Cioè lo so che tutto merita di essere studiato, che tutto ha un senso, che qualsiasi fenomeno può servire a svelare un meccanismo sociale ecc. ecc. Però qui stiamo parlando di, come dire, ve lo ricordate lo skifidol? I trapper si muovono sullo stesso livello. Stessa qualità, stesso impatto, stesso target. Cioè è come se leggessi ogni tanto degli articoli che cercano di rivalutare lo skifidol, il suo significato sociale, il suo valore posizionale, lo skifidol come segno di riconoscimento e ansia di riscatto delle periferie, e poi ogni tanto ci mettono le mani e non è così schifoso dai (no guarda è schifoso, lo sanno anche loro che ci giocano: ci giocano apposta perché è schifoso).

sabato, maggio 12, 2018

The moment I wake up, before I put on my make up

Festa della mamma + 90simo compleanno di Burt Bacharach = I say a little prayer, non c'è neanche da pensarci due volte.



(La mamma è, per prima cosa, una persona che prega per te tutti i giorni, ancora prima di lavarsi la faccia. Tu non sai il perché, deficiente: lei sì).

Pop pop pop pop pop pop corn

C'è stato un tempo in cui "Popcorn" non era un irritante modo di dire internettiano, ma altre cose, ad esempio il titolo di un brano che era lo stato dell'arte della musica elettronica.

Il titolo, Popcorn, alludeva al suono scoppiettante delle note del moog che eseguivano il tema. Ho sempre pensato che si trattasse di un modo di valorizzare una caratteristica che all'orecchio dell'ascoltatore poteva suonare come un difetto: i primi sintetizzatori facevano un suono così, si prestava particolarmente ai riff un po' ipnotici (oppure rendeva ipnotico qualsiasi riff). Non ne ho mai suonato uno ma credo che più di tanto l'esecuzione non si potesse accelerare, il che doveva renderlo uno strumento in un certo senso democratico, ma frustrante per un virtuoso, che probabilmente aveva davvero la sensazione di maneggiare mais scoppiettante più che i solidi tasti di un organo convenzionale.

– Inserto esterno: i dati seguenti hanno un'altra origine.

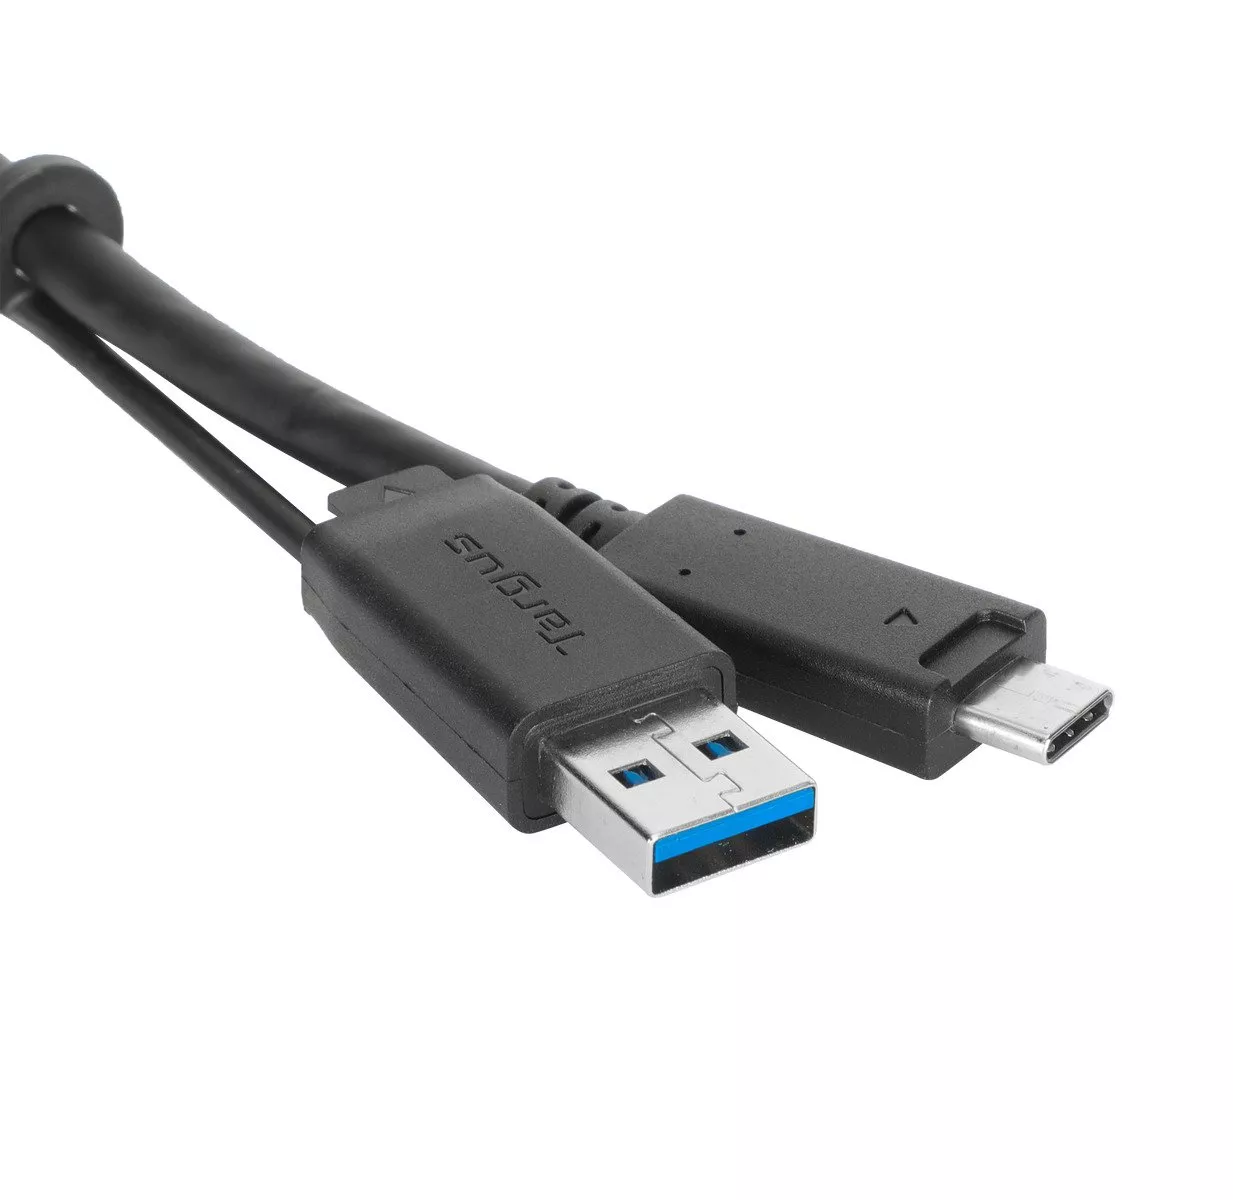 Vente TARGUS 1m USB A to C Tether cable Targus au meilleur prix - visuel 8

Comunque probabilmente mi sbagliavo su quasi tutto, perché avevo in mente la versione del 1972 degli Hot Butter e non l'originale di Gershon Kingsley, di ben tre anni precedente. Se la versione del 1972 ormai è entrata nel girone del vintage (ai miei coetanei ricorda, ancor prima del popcorn, una pubblicità di biancheria uomo donna bambino), l'originale del 1969 è un ascolto emozionante: il riff emerge da una specie di frastuono di fondo che è davvero il brodo primordiale della musica elettronica. Nei commenti al video la gente viene a dire quanto il pezzo assomigli al dubstep, alla techno, ogni generazione ha la sua etichetta e il suo prodotto, tutti frammenti ricomposti dello stesso big bang. C'è poi il piccolo particolare che il moog di Kingsley non scoppietta come mi aspetterei, ma alla fine me lo ricordo come scoppiettavano i popcorn in un tegamino, nell'era pre-microonde?




Il successo degli Hot Butter fu tale che un gruppo italiano, La Strana Società, ne pubblicò la versione "italiana": a quei tempi si faceva così con tutti i singoli di successo, quindi perché no? A riascoltarla si capisce che in effetti il moog non era così facile e democratico da suonare. Come il popcorn, che uno riesce a bruciare anche nel microonde, figurarsi al tempo (mi ricordo certi chicchi neri carbone).

giovedì, maggio 10, 2018

Non lasciamoci trarre in inganno dalla realtà

Deve esserci un accordo
se ci sta a cuore la salvezza del Paese:
salviamo ‘sto Paese?
Eh?

C’è bisogno di un’intesa!
Vogliamo tutti insieme
metterci a pensare seriamente alla ripresa?
Eh?
Economica?
Sì?



Bisogna lavorare sul concreto,
bisogna rimboccarsi le maniche per incrementare la produzione,
e assicurare uno stabile benessere sociale a tutti coloro ai quali
noi per il momento
abbiamo chiesto sacrifici
vogliamo uscire a testa alta dalla crisi?
Eh?
Salviamo ‘sto Paese?
Sì?

(Il problema con Gaber è che è troppo facile da citare, anche quando in realtà non è ficcante come sembra, ad esempio questo era un siparietto di Polli d'Allevamento che ironizzava sul fatto che alla fine di una crisi di governo nel 1978 ci si poteva trovare a palazzo Chigi gli stessi ministri del 1962. Il che alla fine era una semplificazione esagerata anche per quel tragico 1978, e senz'altro non c'entra molto con quello che sta succedendo 40 anni dopo. D'altro canto è così bravo che uno come fa a non farselo venire in mente tutte le volte che provano a rifare un governo?)

Eliminiamo il disfattismo
con della gente che in questa confusione
sappia mettere un po’ d’ordine,
eh?
Pubblico?
Si?

Bisogna che lo Stato sia più forte
organizzando anche un corpo adeguato e  se necessario addestrato,
– non come proposta di violenza! –
Ma per quel nobile realismo
la cui area si è allargata:
non puoi negare a certe zone di sinistra,
eh?
La buona volontà,
sì?

In questo clima di distensione
possiamo finalmente accordare la fiducia
a tutte le forze,
eh?
Democratiche?
Sì?

Bisogna far proposte in positivo
senza calcare la mano sulle possibili carenze.
Lasciamo perdere
il pessimismo, l’insofferenza generale dei giovani, i posti di lavoro, l’instabilità, gente che non ne può più, la rabbia, la droga,  l’incazzatura, lo spappolamento, il bisogno di sovvertire, il rifiuto, la disperazione.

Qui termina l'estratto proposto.